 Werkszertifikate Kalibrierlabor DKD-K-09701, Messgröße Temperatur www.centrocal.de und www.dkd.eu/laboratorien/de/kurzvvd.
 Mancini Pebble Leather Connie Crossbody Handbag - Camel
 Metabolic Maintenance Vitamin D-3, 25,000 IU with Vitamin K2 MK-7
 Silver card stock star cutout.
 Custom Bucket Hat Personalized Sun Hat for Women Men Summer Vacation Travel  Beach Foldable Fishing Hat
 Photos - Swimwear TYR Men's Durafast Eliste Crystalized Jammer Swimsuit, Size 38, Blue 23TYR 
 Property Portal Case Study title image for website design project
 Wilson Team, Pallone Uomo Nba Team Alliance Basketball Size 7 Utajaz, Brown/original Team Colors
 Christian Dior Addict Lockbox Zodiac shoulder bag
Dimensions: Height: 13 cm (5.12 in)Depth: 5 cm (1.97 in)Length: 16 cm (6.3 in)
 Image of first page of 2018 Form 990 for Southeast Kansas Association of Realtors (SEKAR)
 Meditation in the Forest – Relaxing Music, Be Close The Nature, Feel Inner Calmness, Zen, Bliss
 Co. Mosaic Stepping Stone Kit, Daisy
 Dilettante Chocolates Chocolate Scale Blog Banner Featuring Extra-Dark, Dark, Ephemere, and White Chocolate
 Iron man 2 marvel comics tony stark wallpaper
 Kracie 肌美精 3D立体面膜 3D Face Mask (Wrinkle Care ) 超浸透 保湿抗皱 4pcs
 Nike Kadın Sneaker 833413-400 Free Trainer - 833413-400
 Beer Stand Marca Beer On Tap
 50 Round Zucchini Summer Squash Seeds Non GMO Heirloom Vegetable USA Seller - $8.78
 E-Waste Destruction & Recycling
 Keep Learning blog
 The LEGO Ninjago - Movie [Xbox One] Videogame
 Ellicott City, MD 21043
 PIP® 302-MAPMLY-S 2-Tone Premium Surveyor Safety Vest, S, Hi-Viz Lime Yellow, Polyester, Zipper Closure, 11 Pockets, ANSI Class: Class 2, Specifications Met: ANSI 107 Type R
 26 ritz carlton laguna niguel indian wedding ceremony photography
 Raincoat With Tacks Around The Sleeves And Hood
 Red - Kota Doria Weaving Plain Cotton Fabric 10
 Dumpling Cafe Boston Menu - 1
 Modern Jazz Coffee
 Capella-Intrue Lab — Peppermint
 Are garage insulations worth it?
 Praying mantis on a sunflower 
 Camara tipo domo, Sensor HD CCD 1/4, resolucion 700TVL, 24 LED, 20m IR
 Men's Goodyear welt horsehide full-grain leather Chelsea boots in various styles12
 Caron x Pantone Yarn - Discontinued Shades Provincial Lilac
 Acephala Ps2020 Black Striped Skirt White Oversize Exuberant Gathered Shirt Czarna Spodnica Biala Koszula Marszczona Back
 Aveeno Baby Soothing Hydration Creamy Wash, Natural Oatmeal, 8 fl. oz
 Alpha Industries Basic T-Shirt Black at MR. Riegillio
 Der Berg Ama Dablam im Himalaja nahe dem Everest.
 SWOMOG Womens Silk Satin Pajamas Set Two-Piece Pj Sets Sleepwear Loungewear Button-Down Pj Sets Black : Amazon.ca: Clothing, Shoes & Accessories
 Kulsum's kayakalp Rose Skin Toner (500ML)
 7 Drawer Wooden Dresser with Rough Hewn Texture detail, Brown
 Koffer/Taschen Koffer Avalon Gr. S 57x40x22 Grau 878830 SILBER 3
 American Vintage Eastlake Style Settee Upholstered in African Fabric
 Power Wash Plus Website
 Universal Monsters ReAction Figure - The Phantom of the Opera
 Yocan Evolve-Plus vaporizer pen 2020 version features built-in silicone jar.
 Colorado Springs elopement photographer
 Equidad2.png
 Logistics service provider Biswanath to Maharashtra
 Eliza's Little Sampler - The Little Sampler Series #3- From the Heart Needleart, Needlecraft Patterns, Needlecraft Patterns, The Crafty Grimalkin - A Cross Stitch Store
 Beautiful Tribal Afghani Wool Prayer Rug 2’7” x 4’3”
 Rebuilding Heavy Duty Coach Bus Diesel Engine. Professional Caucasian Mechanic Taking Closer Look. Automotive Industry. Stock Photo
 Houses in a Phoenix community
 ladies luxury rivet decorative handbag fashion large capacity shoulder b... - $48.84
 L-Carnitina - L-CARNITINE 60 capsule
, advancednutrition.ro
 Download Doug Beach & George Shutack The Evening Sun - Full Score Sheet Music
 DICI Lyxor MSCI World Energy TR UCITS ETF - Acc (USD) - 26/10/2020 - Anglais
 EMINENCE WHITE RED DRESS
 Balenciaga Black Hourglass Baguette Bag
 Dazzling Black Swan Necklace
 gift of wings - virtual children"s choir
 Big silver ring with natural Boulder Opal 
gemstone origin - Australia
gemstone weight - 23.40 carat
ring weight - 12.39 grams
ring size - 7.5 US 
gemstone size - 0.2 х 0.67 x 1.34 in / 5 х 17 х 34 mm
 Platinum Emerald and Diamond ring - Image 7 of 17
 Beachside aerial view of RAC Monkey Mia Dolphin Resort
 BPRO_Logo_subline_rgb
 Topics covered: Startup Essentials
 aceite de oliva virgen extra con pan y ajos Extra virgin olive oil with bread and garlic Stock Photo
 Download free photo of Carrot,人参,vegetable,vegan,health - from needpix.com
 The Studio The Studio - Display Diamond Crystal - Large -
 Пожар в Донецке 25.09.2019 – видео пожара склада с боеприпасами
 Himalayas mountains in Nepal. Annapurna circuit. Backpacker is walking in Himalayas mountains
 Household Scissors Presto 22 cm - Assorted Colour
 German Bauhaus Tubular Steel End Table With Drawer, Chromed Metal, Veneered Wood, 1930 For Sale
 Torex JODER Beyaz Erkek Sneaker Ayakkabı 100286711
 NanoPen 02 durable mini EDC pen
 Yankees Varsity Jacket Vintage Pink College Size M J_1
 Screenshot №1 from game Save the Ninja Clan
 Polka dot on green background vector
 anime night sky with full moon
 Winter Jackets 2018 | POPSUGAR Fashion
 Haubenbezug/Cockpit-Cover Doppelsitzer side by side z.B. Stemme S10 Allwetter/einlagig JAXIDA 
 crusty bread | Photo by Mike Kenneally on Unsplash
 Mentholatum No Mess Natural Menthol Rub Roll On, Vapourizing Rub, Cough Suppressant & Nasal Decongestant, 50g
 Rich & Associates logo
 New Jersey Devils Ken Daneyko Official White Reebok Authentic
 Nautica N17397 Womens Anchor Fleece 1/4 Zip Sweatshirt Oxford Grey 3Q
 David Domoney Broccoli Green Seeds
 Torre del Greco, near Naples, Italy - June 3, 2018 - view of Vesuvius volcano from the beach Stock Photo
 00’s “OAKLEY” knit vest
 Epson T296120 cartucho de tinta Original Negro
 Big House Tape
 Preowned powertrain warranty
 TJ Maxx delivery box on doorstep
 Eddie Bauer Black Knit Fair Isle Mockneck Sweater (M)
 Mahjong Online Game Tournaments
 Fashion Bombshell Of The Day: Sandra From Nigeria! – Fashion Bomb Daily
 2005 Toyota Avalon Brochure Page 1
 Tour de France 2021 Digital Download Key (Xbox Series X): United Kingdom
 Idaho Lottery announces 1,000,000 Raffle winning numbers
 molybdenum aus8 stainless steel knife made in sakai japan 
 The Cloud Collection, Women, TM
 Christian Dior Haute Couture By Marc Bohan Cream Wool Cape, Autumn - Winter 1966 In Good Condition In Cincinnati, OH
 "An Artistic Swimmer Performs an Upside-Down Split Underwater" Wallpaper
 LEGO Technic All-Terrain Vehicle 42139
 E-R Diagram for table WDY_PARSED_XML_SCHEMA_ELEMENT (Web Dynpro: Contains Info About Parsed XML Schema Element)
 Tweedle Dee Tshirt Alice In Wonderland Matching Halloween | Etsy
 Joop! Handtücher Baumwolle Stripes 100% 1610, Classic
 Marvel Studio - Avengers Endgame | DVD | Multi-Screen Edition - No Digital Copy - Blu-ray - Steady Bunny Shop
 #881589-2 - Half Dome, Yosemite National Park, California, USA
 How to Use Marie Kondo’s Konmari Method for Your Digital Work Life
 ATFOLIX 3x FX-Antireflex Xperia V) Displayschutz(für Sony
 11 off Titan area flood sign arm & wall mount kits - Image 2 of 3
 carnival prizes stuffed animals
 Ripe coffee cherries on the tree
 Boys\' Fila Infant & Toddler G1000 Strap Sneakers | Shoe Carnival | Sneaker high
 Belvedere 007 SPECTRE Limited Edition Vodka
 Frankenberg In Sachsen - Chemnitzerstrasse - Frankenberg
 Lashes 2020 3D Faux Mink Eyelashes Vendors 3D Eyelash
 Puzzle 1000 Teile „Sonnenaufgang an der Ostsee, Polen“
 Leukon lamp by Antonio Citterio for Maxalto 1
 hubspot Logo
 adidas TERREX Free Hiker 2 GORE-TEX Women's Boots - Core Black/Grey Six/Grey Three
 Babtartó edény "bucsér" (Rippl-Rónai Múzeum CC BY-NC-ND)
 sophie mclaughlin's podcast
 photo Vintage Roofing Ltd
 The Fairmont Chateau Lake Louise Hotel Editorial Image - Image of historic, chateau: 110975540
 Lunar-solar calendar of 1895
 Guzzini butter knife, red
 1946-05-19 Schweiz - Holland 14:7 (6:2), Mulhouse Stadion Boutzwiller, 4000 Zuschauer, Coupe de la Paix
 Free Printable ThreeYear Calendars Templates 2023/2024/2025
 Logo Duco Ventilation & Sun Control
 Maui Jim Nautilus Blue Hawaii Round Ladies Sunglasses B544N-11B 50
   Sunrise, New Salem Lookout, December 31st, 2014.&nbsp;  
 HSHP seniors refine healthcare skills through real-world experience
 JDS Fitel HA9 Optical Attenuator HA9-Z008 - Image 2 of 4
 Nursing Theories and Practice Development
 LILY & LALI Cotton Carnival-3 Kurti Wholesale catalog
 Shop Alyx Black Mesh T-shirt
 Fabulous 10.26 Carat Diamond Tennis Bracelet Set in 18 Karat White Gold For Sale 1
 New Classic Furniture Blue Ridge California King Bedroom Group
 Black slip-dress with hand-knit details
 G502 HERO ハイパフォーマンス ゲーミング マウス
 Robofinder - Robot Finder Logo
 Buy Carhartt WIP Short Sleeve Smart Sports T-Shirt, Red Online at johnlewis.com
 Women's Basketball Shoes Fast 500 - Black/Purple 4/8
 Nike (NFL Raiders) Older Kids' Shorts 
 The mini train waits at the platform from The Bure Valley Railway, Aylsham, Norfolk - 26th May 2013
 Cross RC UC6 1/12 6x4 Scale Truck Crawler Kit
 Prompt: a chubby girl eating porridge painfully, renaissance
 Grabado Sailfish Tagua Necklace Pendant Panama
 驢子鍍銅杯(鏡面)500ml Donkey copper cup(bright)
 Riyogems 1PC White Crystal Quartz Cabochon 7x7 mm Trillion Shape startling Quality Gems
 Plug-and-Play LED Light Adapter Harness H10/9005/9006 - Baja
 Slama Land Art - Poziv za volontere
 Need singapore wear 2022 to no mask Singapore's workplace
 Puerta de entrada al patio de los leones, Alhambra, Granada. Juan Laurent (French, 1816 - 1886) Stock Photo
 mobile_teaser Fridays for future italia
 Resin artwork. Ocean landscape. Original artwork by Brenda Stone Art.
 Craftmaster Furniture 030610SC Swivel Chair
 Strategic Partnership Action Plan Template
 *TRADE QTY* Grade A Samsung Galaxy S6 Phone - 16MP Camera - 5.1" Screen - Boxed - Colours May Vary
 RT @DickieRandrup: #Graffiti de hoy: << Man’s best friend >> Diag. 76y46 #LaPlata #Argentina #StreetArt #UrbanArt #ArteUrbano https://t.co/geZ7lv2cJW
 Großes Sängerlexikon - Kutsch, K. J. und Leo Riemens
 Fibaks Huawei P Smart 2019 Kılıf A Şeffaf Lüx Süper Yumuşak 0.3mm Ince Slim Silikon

[WORK INSTRUCTION]: Starting at the line with "Großes Sängerlexikon - Kutsch, K.", copy every line down to the last one above, exactly as written and with nothing else.

[WRITTEN SOLUTION]:
 Großes Sängerlexikon - Kutsch, K. J. und Leo Riemens
 Fibaks Huawei P Smart 2019 Kılıf A Şeffaf Lüx Süper Yumuşak 0.3mm Ince Slim Silikon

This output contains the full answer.